トラ恋!秘めた想い--side.理香---2
「どしたの、あいつ?」
少し呆れたように健一さんが言う。
「さっぱり分かりません。球技大会で疲れてるんじゃないですか、色々と」
後ろに手を組む私が前を見据えたまま答えると、健一さんはひとつ浅い溜息をついた。
「どうにかならんかね、あいつのすぐ内に籠っちまう性格」
「ホントですよ。

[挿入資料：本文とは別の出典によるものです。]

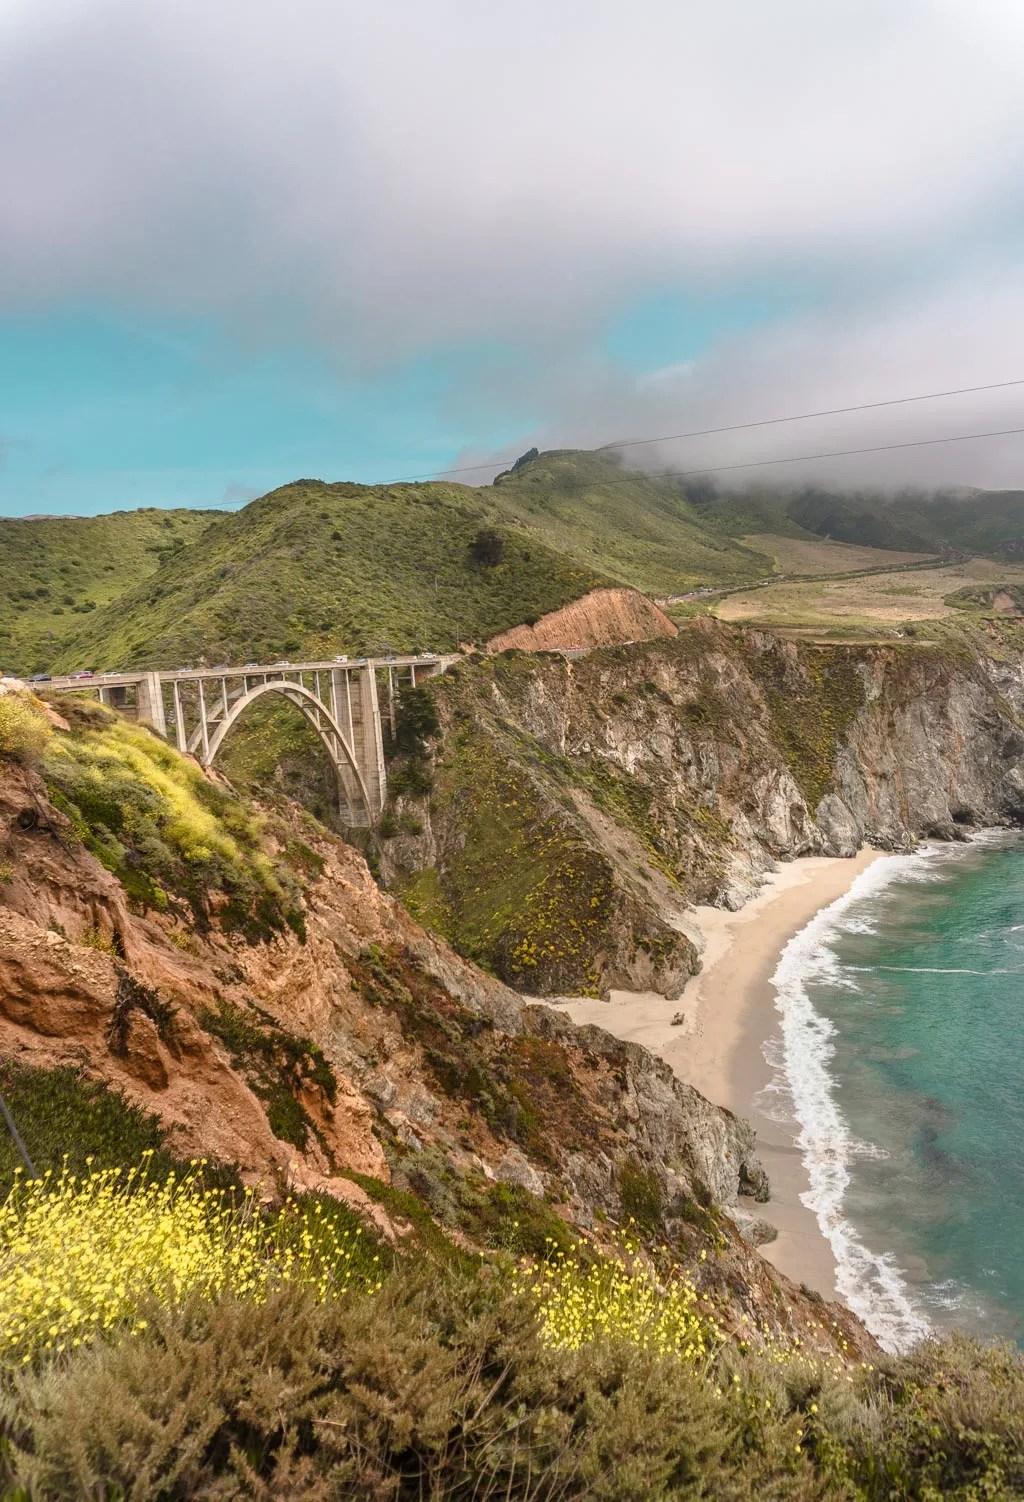 Bixby Bridge in Big Sur on the California Coast
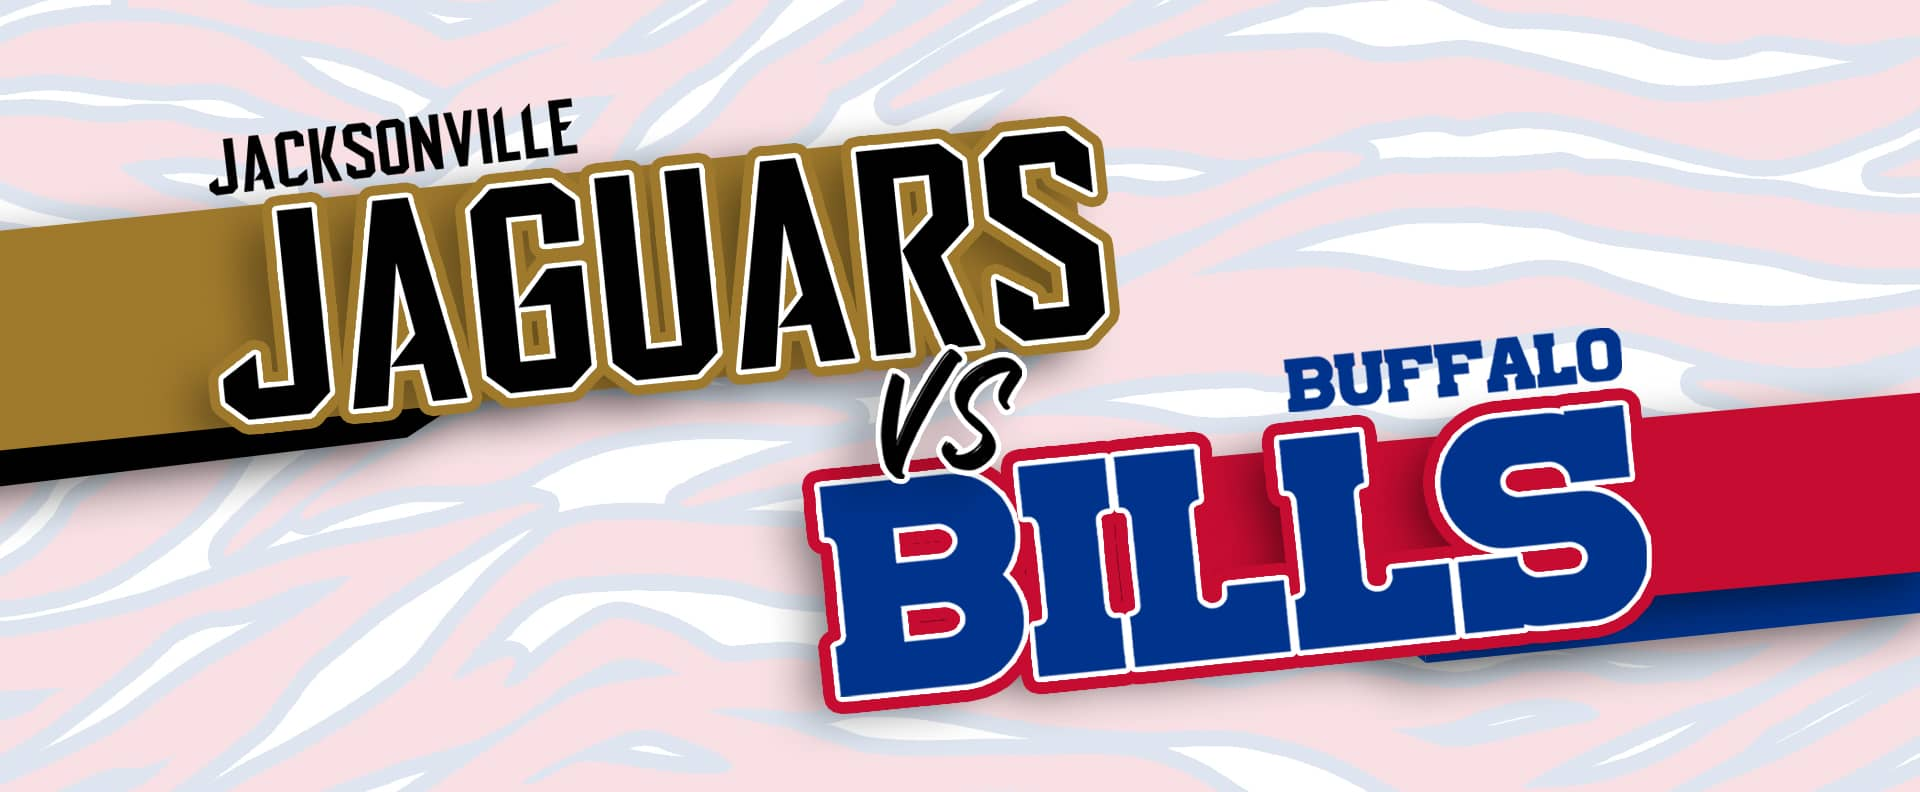 Buffalo Bills take on the Jacksonville Jaguars in Jacksonville Florida!

…兄はこんなにしっかりしてて…カッコイイのに……」
「え? なんて?」
「な、なんでもないですっ!」
「そうか? 兄がどうとか言わなかったか? …まぁいいや。それはそうと、理香ちゃん」
「は、はい?」
不意に目が合って、思わずドキッとした。
健一さんの目が、今までほとんど見たことのない真剣さを含んでいたから。
何を言われるのかは、だいたい予想がついたけれど。
「孝次を、頼むよ。あいつには理香ちゃんしかいないんだから」
私は初めて、答えに詰まった。
いつもなら笑って「はいはい」と答えていたのに。
もし、孝次が叶絵とくっついたら、健一さんは……
少しは私のこと、考えてくれるのかな……
「…ちゃん。……理香ちゃん?」
「はっ、なんですか?」
「どした? 思いつめたみたいな顔しちゃって」
「別に…なんでもないです」
「…そっか。じゃ、行こうか」
「はい」
顔を合わせればいつも言われる。
孝次を頼む、と。
私の気持ちも知らずに………いや、もしかしたら知ってて言ってるのかもしれないけど。
葉池健一。孝次の兄。私の、初恋の人。
いつか、この気持ちが伝えられる日が来たらいいなと、心の片隅で小さく思う。